_INPUT DATA_

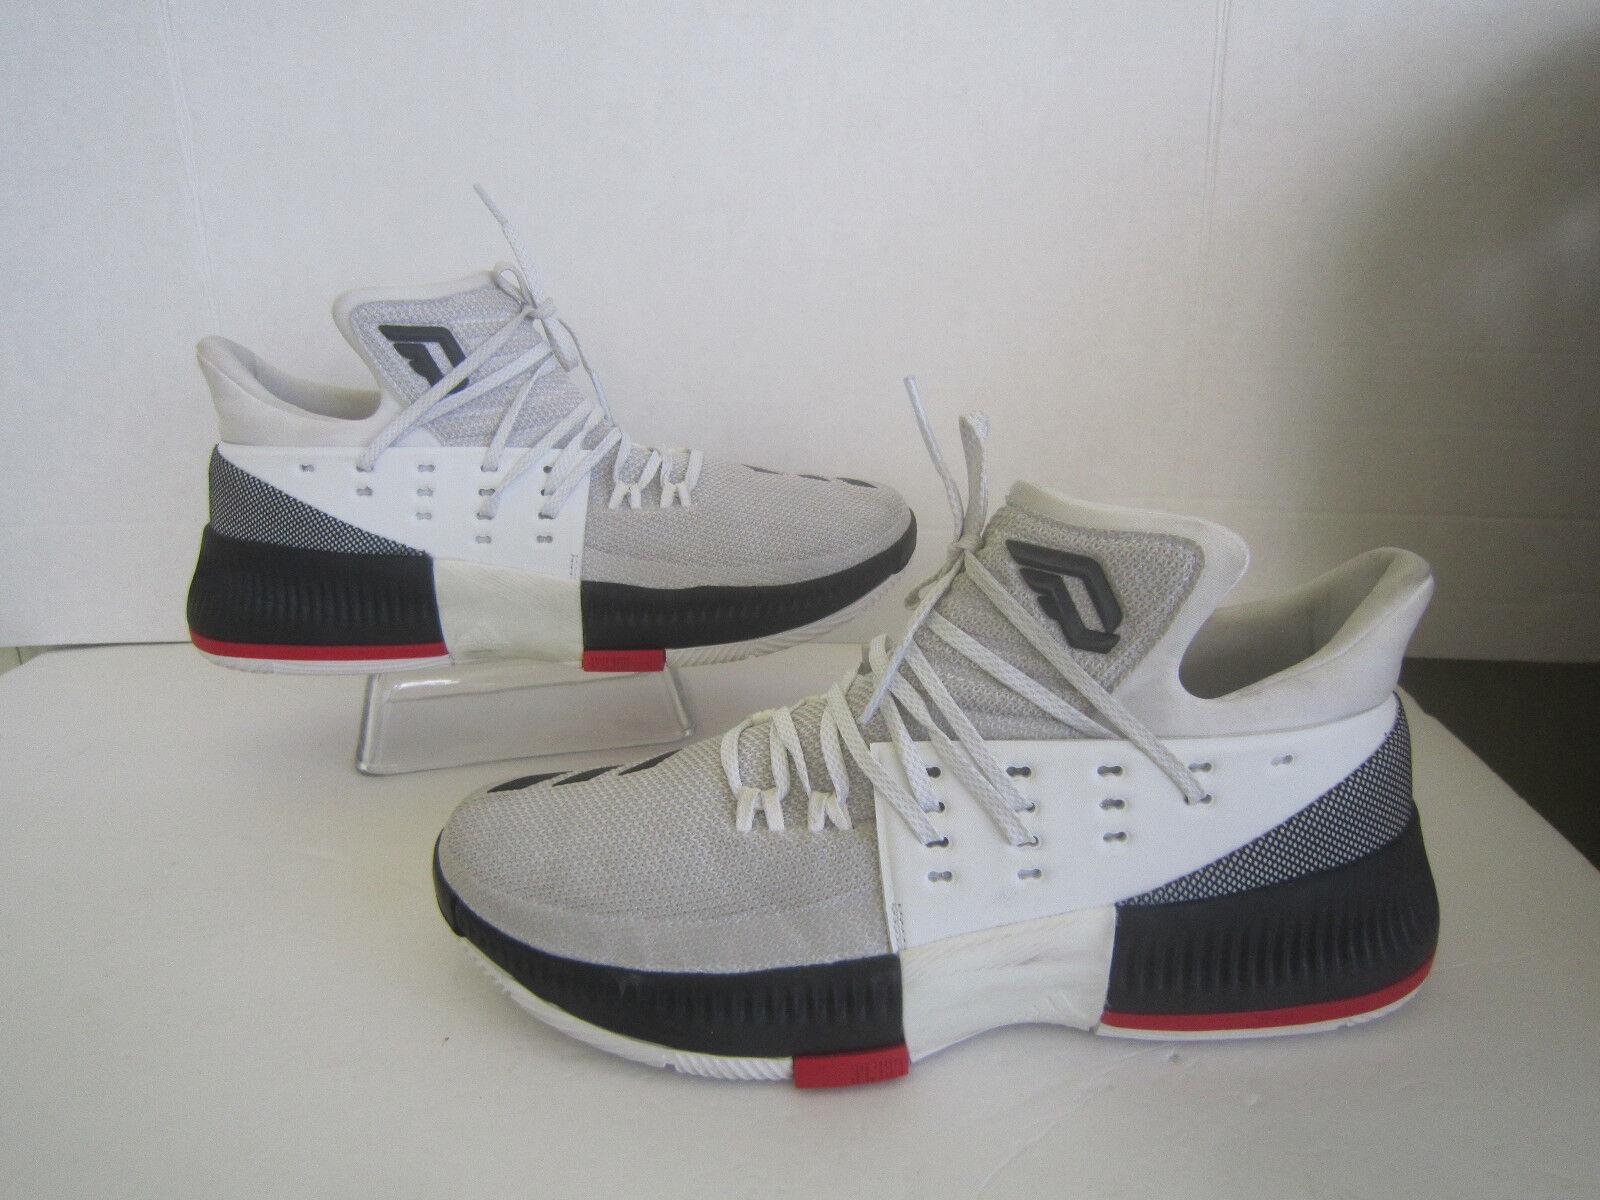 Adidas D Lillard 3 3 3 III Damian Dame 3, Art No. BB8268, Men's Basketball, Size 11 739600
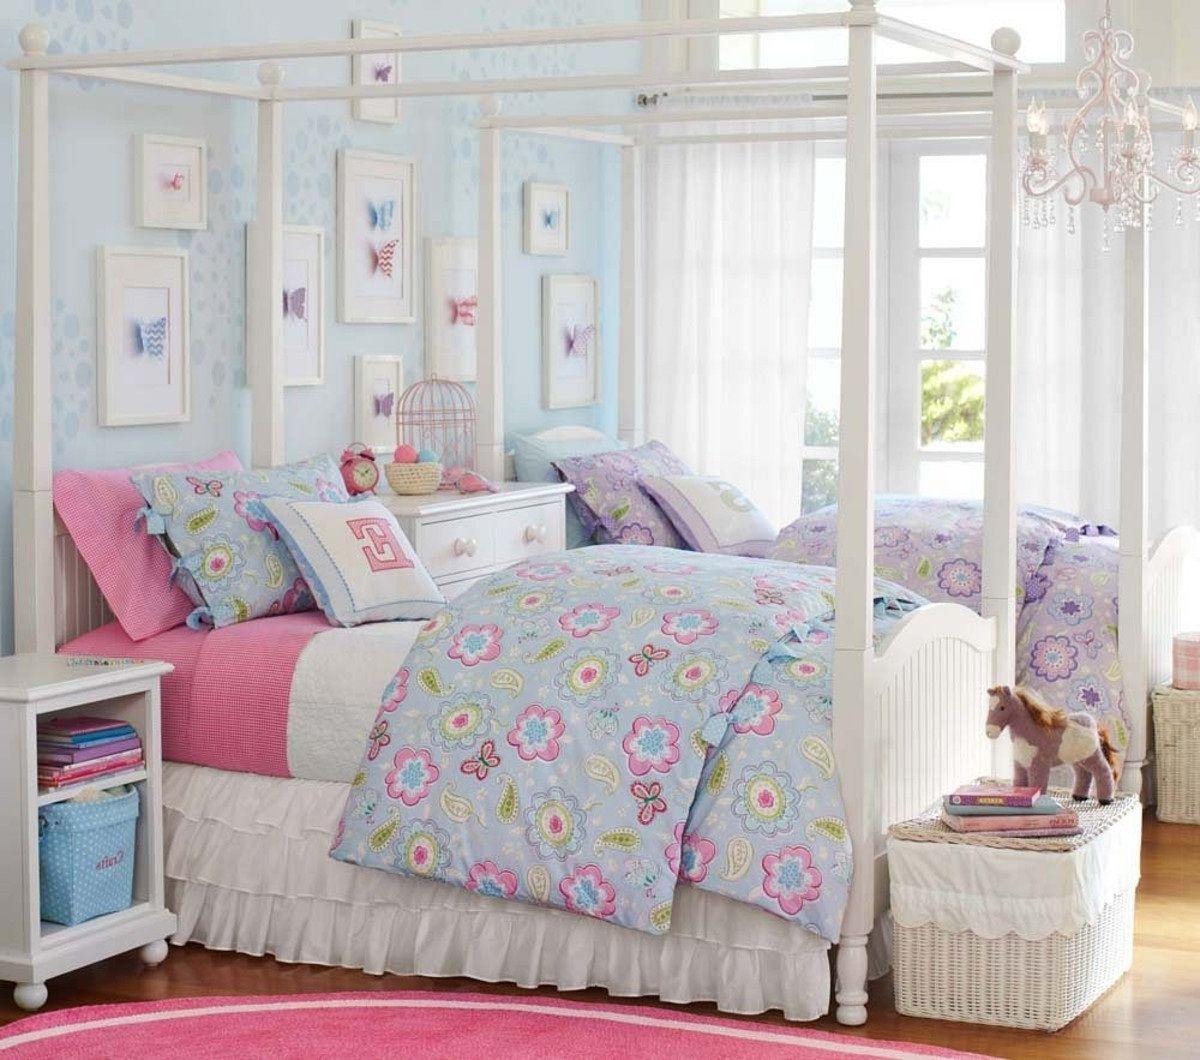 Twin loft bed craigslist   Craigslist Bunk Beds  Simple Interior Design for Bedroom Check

--

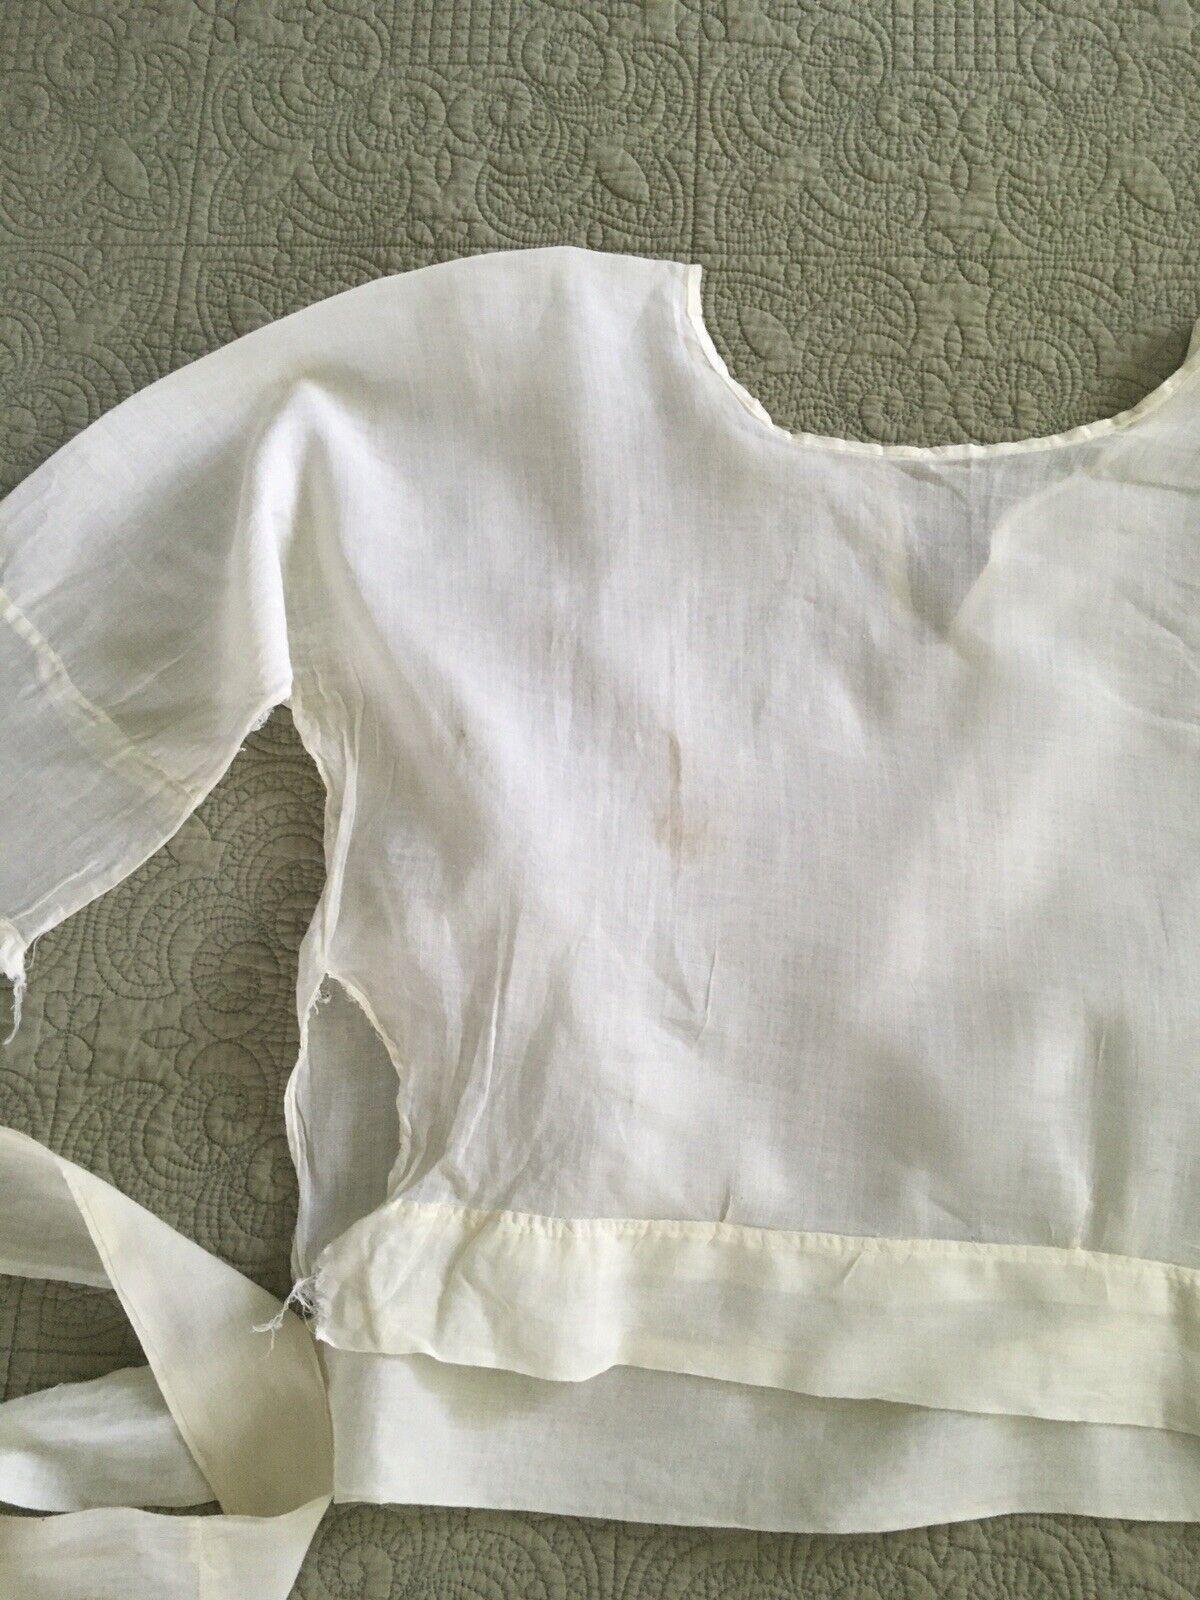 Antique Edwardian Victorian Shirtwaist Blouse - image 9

_WHAT THE TASK ASKS_
Please return the data above exactly as it stands from the line with "Adidas D Lillard" to the line with "Twin loft bed", keeping both of those lines but none of the pictures.

_EXERCISE RESULT_
 Adidas D Lillard 3 3 3 III Damian Dame 3, Art No. BB8268, Men's Basketball, Size 11 739600
 Twin loft bed craigslist   Craigslist Bunk Beds  Simple Interior Design for Bedroom Check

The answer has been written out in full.